African-American roundtable wants public to have more say in ARPA funds
A local community group is again calling for federal pandemic relief funding not to go into Milwaukee City Police coffers.
Instead, the group wants to get feedback from residents on how the next round of US Bailout Act the money should be spent through a participatory budget process.
“We believe these funds should be used to expand and improve the quality of life for people, especially black people in Milwaukee,” said Devin Anderson, of the African American Roundtable, a community advocacy group. “…We believe these are our funds, and we should have a say in how these funds are used.
The city received $394.2 million in ARPA money. The Milwaukee City Council and then-Mayor Tom Barrett decided last year how to spend the first half.
The second half – totaling around $197 million – is expected to be in the city’s coffers in June. Some of that money, the group says, will go to fill budget holes.
Earlier this month, the The joint board recommended $75 million in ARPA funds be used to fill a shortfall in the 2023 budget to maintain service levels and bolster city pension commitments, including police and fire. Mayor Cavalier Johnson originally offered $160 million — $80 million in 2023 and 2024 — to maintain those services.
AART and several community leaders held a press conference and rally outside the advocacy group’s Northwest Side office to demand that the city adopt participatory budgeting. It is a democratic process allowing community residents to decide how to spend part of a public budget.
Almost 300 participatory budget initiatives declared and confirmed exist at the city and county levels, including districts and neighborhoods across the United States, according to the Participatory budget project website.
Embracing participatory budgeting would be “transformative change” for the city, said Markasa Tucker-Harris, executive director of AART. This change will end the status quo by allowing residents most affected by the issues to participate in the decision-making process, she said.
“We know the answers to our own problems. But if we don’t have the resources that are rightfully ours to make these things happen, it’s hard to address the root causes of violence and poverty,” Tucker-Harris said.
The city, Tucker-Harris added, should be better stewards of taxpayers’ money, instead of using tricky accounting methods to plug budget holes. Continuing to invest in policing doesn’t work and hasn’t worked for decades because people are still dying, she said.
“But yet we continue to pour money into a system that doesn’t address why these kids are doing what they’re doing,” Tucker-Harris said. “The police don’t get to the root causes. They never can and never will.”

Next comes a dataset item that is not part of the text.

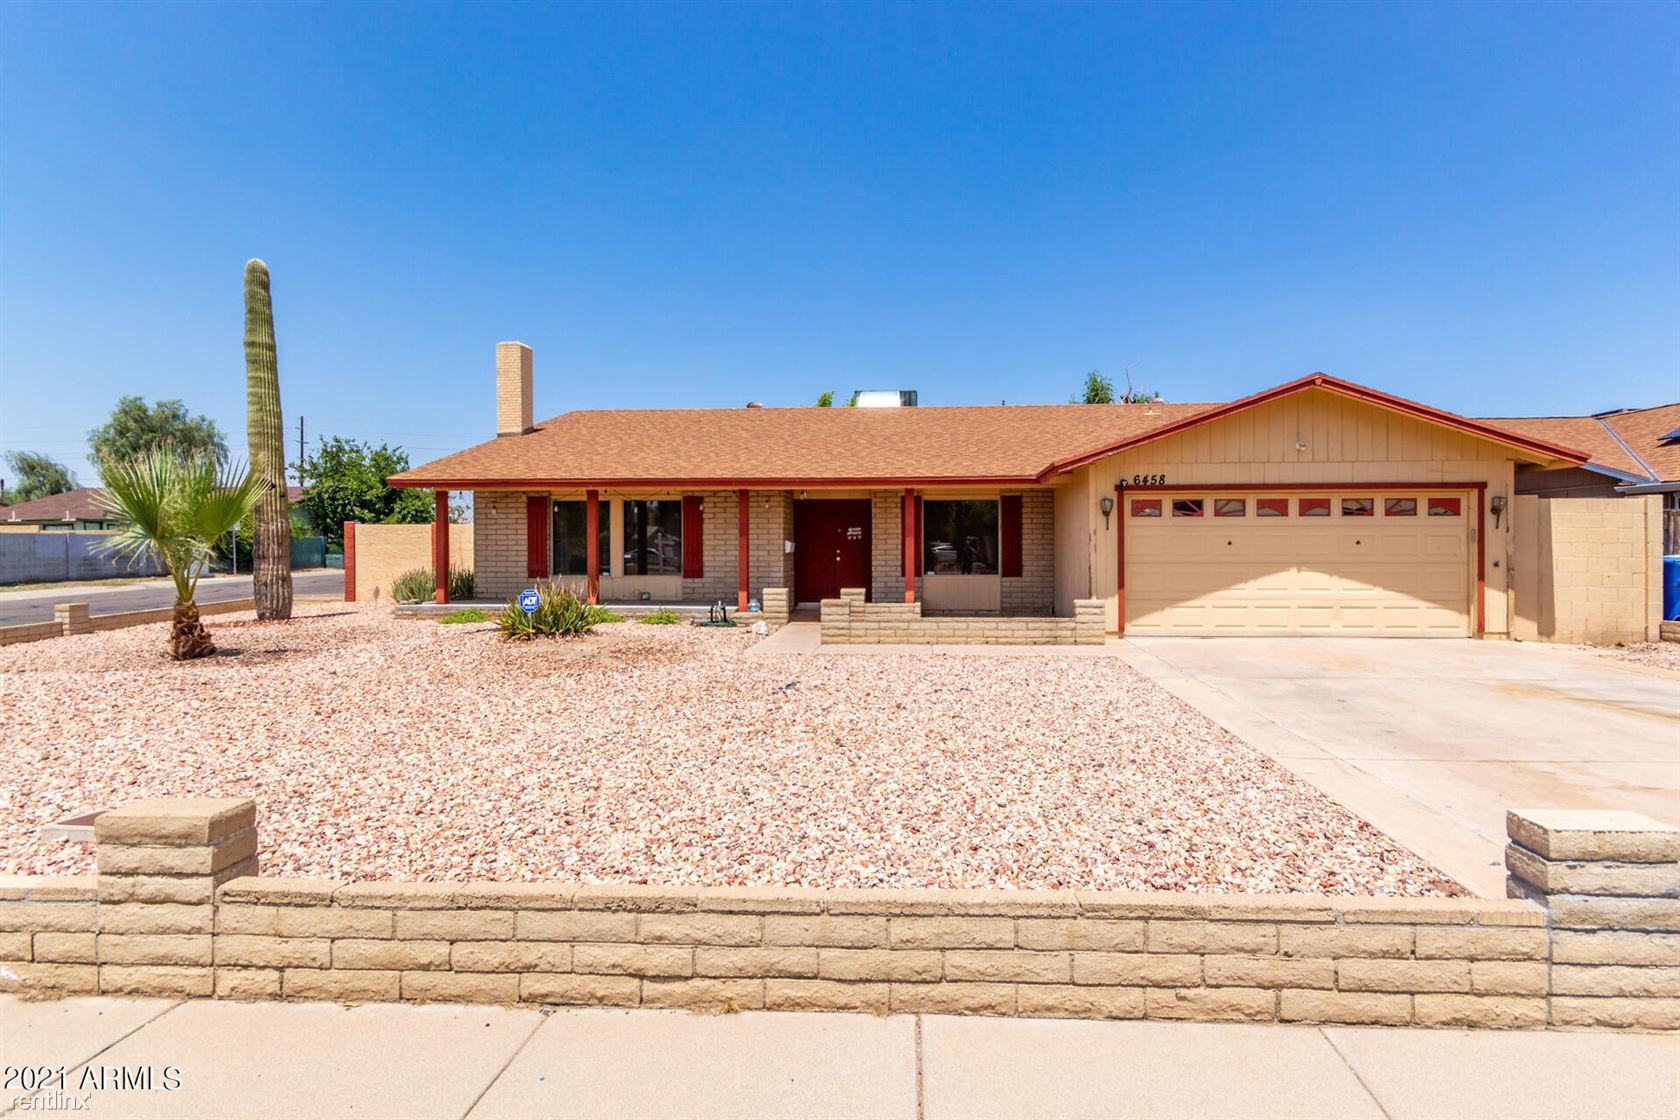 6458 W MARIPOSA Street, Phoenix, AZ - 2,995 USD/ month

The police, Anderson said, take up a significant portion of the city’s departmental budget, about 46 percent, and the city’s growing retirement problems stem from an overreliance on the police. Police and firefighters, he added, make up 44% of the city’s active workforce, but account for 80% of the the cost of the city pension. And in this year’s budget, the city’s police department is receiving more than $280 million, Anderson said.
“The cost of policing doesn’t allow for investment in other services,” Anderson said, adding that defunding the police and using ARPA funds to invest in people is a way “to ‘avoid austerity budgets’.
ARPA funds, he said, could be used to address this city’s affordable housing deficit, provide down payment or rent assistance, youth jobs and activities, and infrastructure improvements. , including repairing potholes.
ARPA’s first round of funding allocated $26 million for lead paint reduction, $3 million for lead reduction workforce development, and $2 million dollars to improve the energy efficiency of houses being depolluted.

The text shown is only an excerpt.